There has been considerable discussion among us all regarding the validity of
the national polls that are being published. Obviously, when polls are being
put out that use samples that are larger than the results of the 2008 election,
then many of us become suspicious. With this latest round of Eeyorism (Erick
and Ace, I'm looking at you), I decided that I was going to take a real look at
the polls and see if I could make sense of them.
As I examined the top line numbers, I realized what has been bugging me for
months about the polls. There isn't enough noise in the samples to make them
credible. Let me give an example I am used to in the real world. If you sample
a specific frequency for a signal, you expect to see a lot of noise from other
signals in other bands interfering with your sample, due to harmonics. What is
done is, the sample band is run through a filter to clean up the signal, removing
spurious signals first.
Look at the results of 7 polls currently being used in the RCP average:
Tipp - O+2
CBS/NYT - O+3
Fox - O+5
Ipsos - O+3
Dem Corps - O+5
ABC/WaPo - O+1
WSJ/NBC - O+5
Those are all in a nice tight grouping with an average of 3, with not a single
results more than 2 away from the average. It looks like nothing is outside of
a single standard deviation. That alone is a HIGHLY unlikely event. I'm not
expert enough of a statistician to figure out the odds, but the probability of
getting a random sample this tight is very low against a truly random signal.

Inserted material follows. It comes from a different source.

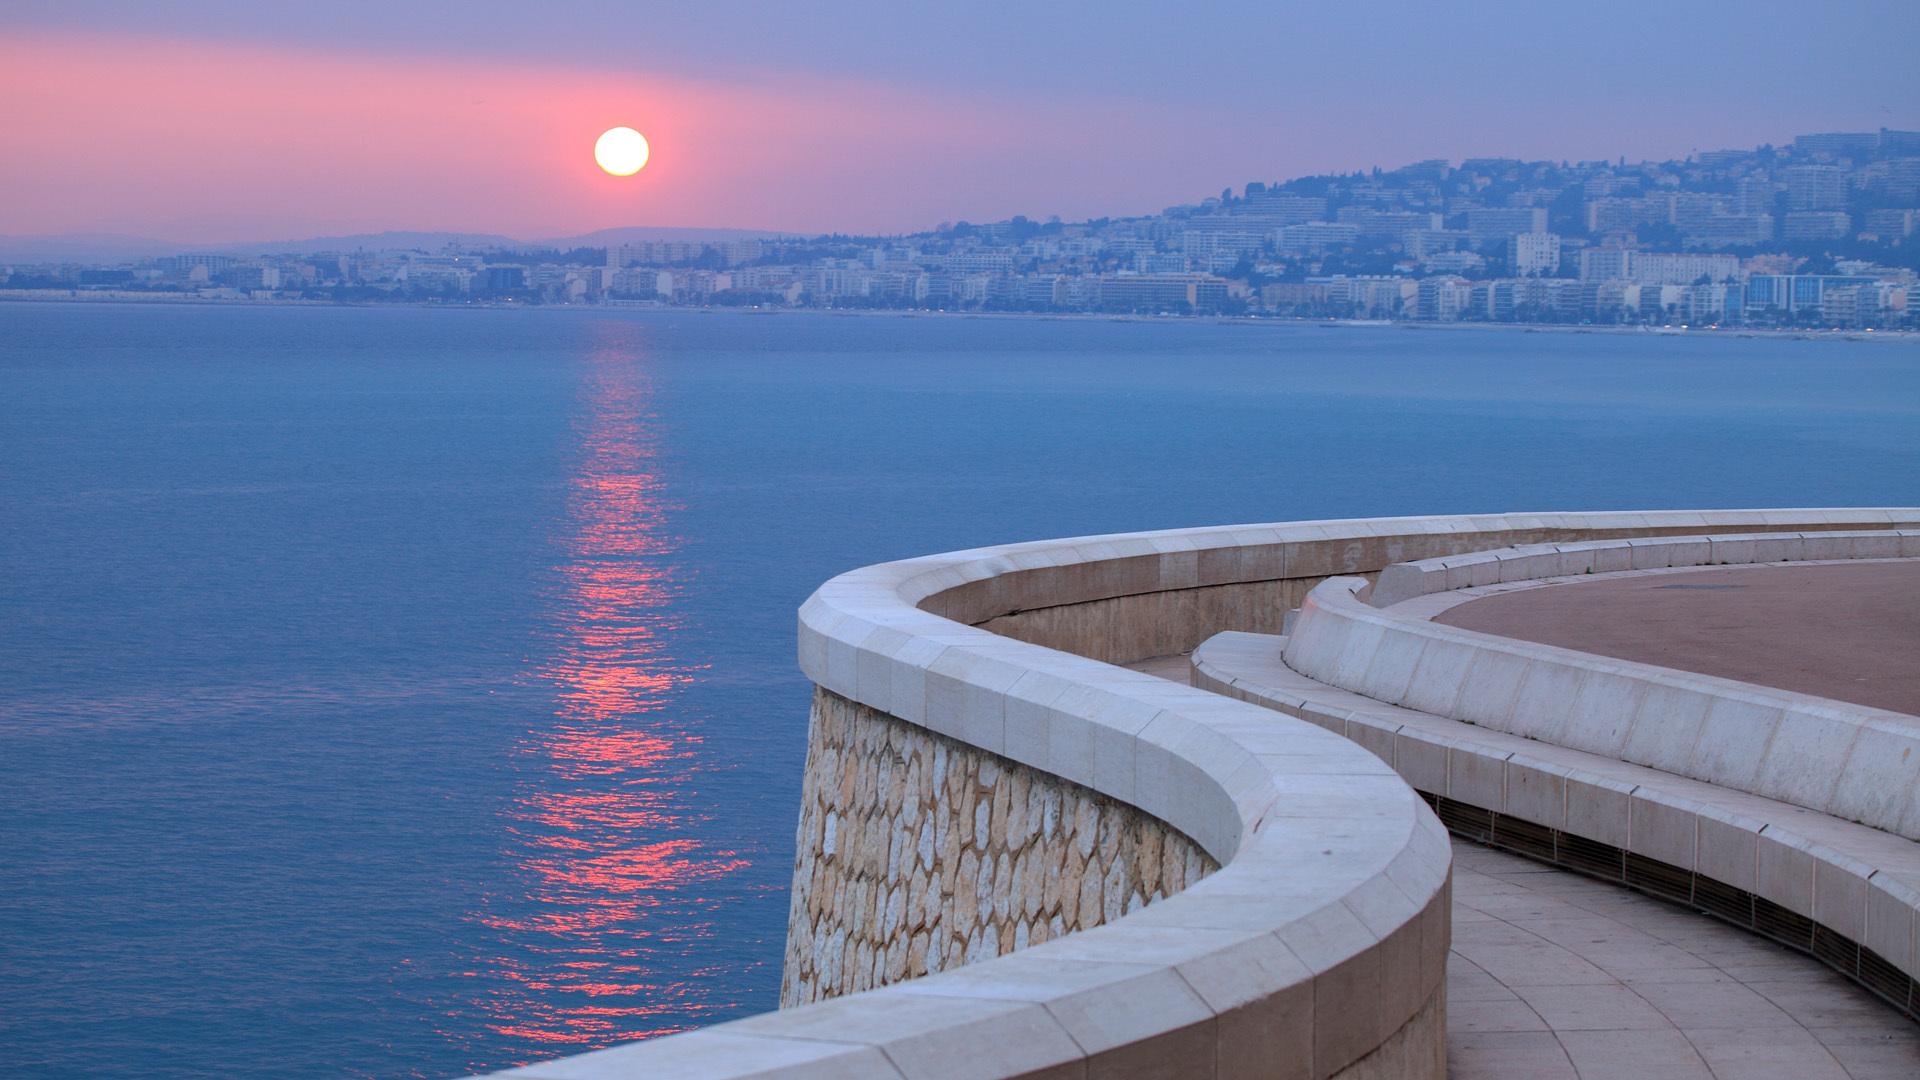 fond ecran gratuit mediterranee

In the signal processing world, we would look at this result and ask what type
of filter was used on the source signal, it doesn't occur in nature.
So if I want to be paranoid, I can think of an alternate sampling method that
would result in these results. Suppose I start with a very large sample with a
relatively even distribution, such as 100,000 marbles which are half red and
half blue, then I determine that I want to end up with a result that I have
selected 52% blue marbles. What I can do is keep picking marbles until I have
selected enough to show a random sample was used (e.g. at least 800 selections)
but not stop the selection until I reach the 52% number. I might get there at
800, or at 900, or even at 1000. But it won't take me long to get a result that
is a desired small deviation away from the actual distribution of the entire
If I then report those results as an actual probabilistic outcome and not report
that I had a specific result desired, then it is not discernible from examining
the results. Hence the old saying, "lie, damn lies, and statistics".
Over the last few days there has been some discussion of a few web postings
about this over sampling, and the Rasmussen Party ID poll. If you aren't
familiar with the latter, Scott Rasmussen conducts a monthly sample of partisan
identification. It is one question, asking are you a Republican, Democrat, or
Independent? The sample size is 15,000, which in polling terms is an enormous
sample. Most credible polls require about 800 samples to reach a 4% margin of
The August result for this poll is as follows:
This R+4 results is dramatically different from the sampling results used by all
of the polls above. These polls are using samples that range from D+4
(ABC/WaPo) to D+13 (CBS/NYT). The basis for such dramatic over sampling of
Democrats is never given, but the Rasmussen poll (and it's inherent accuracy
given sample size and simplicity) shows these samples to be inappropriate.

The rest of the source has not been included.